Blood and Ice

The rider came on, rocks and gravel and dust kicking up behind his horse’s hooves, and once he had reached the plain below, he spurred his horse on ever faster. Lord Lucan, in his white-plumed hat, trotted toward the approaching figure and reined in his horse not more than ten yards in front of Sinclair, between the tight formations of the Light and the Heavy Brigades which he commanded.

 

Nolan galloped up, sweat streaming from his horse’s flanks, and pulled a communiqué from his sabretache, slapping it into Lord Lucan’s hand. Though Sinclair was well aware of Nolan’s low regard for Lord Lucan (shared by most of the cavalry), still he was surprised at the peremptory manner in which he had delivered the message. Lucan had a famously bad temper, and any such misstep could lead to arrest for insubordination.

 

Lucan, glowering, read the orders, then looked up at Nolan, whose horse was still pacing anxiously about, and challenged him in some way. Sinclair could not make out all the words, but he heard something to the effect of “Attack what? Attack what guns, sir?”

 

Sinclair traded a look with Rutherford. Was Lord Lucan—“Lord Look-On” to his idled troops—once again going to keep his men from entering the fray?

 

Nolan urgently repeated something, his dark curls shaking about his head, and gestured at the paper in Lord Lucan’s hand. And then, with his arm thrown out toward the Russian batteries at the far end of the North Valley, and in a voice that even Sinclair could clearly hear, Nolan shouted, “There, my lord, is your enemy. There are your guns!”

 

Sinclair expected to see Lord Lucan go into a rage at this further impertinence and order Captain Nolan to be arrested on the spot, but instead he simply shrugged, turned his horse away, and trotted off to consult with his archenemy, Lord Cardigan. Whatever had been written in that communiqué, it was sufficiently important that he did not wish to ignore it or to take some unilateral action.

 

After several minutes of intense deliberation, Lord Cardigan saluted, not once but twice, and galloped back toward Sinclair and his fellow Lancers. Quickly, he ordered the brigade to form up in two lines, with the first line composed of the 17th Lancers, the 13th Light Dragoons, and the 11th Hussars; the second line was made up of the 4th Light Dragoons and most of the 8th Hussars. The Heavy Brigade, meanwhile, was being drawn up to their rear. The Horse Artillery, which might have been expected to follow under normal circumstances, was not ordered up—perhaps, Sinclair concluded, because the valley before them was partly plowed and consequently hard to traverse.

 

If he’d had to guess, Sinclair would have said that the North Valley, into which the brigade was entering, was about a mile and a quarter long, and not even a mile wide. It was a flat plain, offering no sort of cover, and on all three sides it was under the control of the Russian forces.

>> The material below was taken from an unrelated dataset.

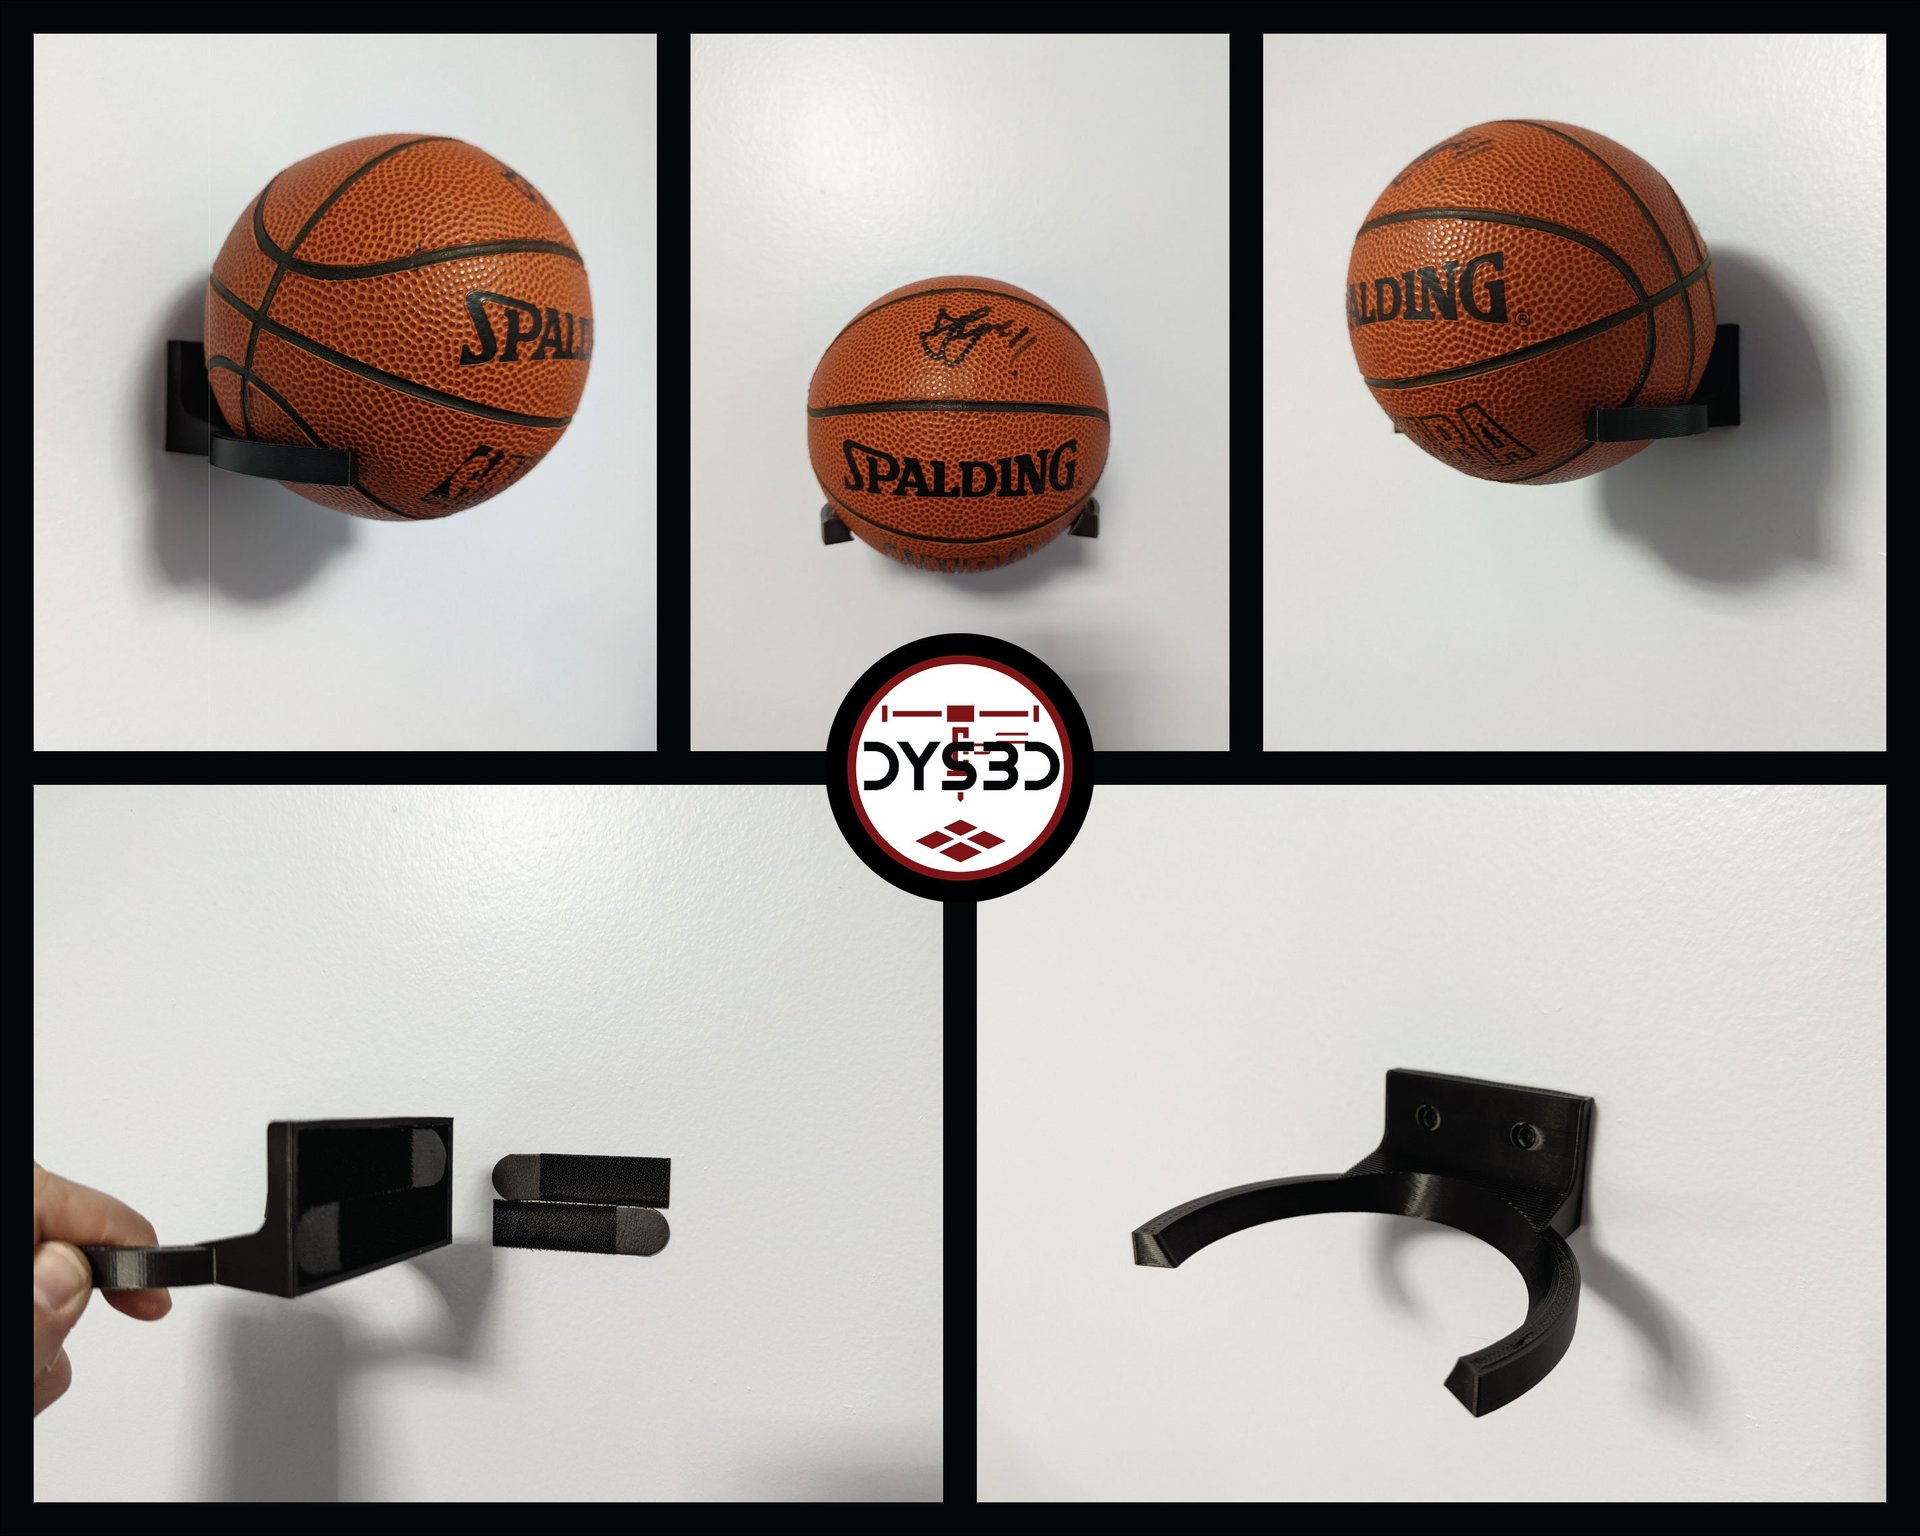 Mini-Basketball Wall Display Holder

On the Fedioukine Hills to the north, Sinclair could make out at least a dozen gun emplacements, along with several battalions of infantry. To the south, the Causeway Heights were even more fearsome, with as many as thirty guns and a field battery that had captured the redoubts earlier in the day. But it was at the end of the valley that the greatest danger of all lay. If the Light Brigade was to attack that point, it would not only have to pass through a gauntlet of fire the entire way, it would then have to ride straight up into the muzzles of a dozen cannons, backed by several lines of densely packed Russian cavalry.

 

For the first time in his life, Sinclair had a distinct premonition of death. It came not as a shiver, or even as an urge to flee, but as a cold, stark fact. Up until then, even as others had fallen by the wayside with cholera or fever, or been picked off by snipers in the hills, he had never truly considered his own vulnerability. He had felt impervious. But no one, staring down the bore of the North Valley, could continue in such an illusion.

 

Sinclair was riding in the first line with Rutherford on his left, and a young chap named Owens on his right. Sergeant Hatch had been conscripted into the second line.

 

“Five quid,” Sinclair said to Rutherford, “that I reach the gun battery first.”

 

“You’re on,” Rutherford said. “But have you got five quid?”

 

Sinclair laughed, and Owens managed a weak smile at overhearing the exchange. He had a receding chin and a thin face, and his skin had gone as white as whey. His hand trembled on the upright lance.

 

A trumpet sounded, and Sinclair fell silent, as did all of those around him. Lord Cardigan had ridden several lengths in front of the entire company, and all alone he drew his sword and raised it. In a calm voice that nonetheless carried to the men behind him, he said, “The Brigade will advance. Walk, march, trot.”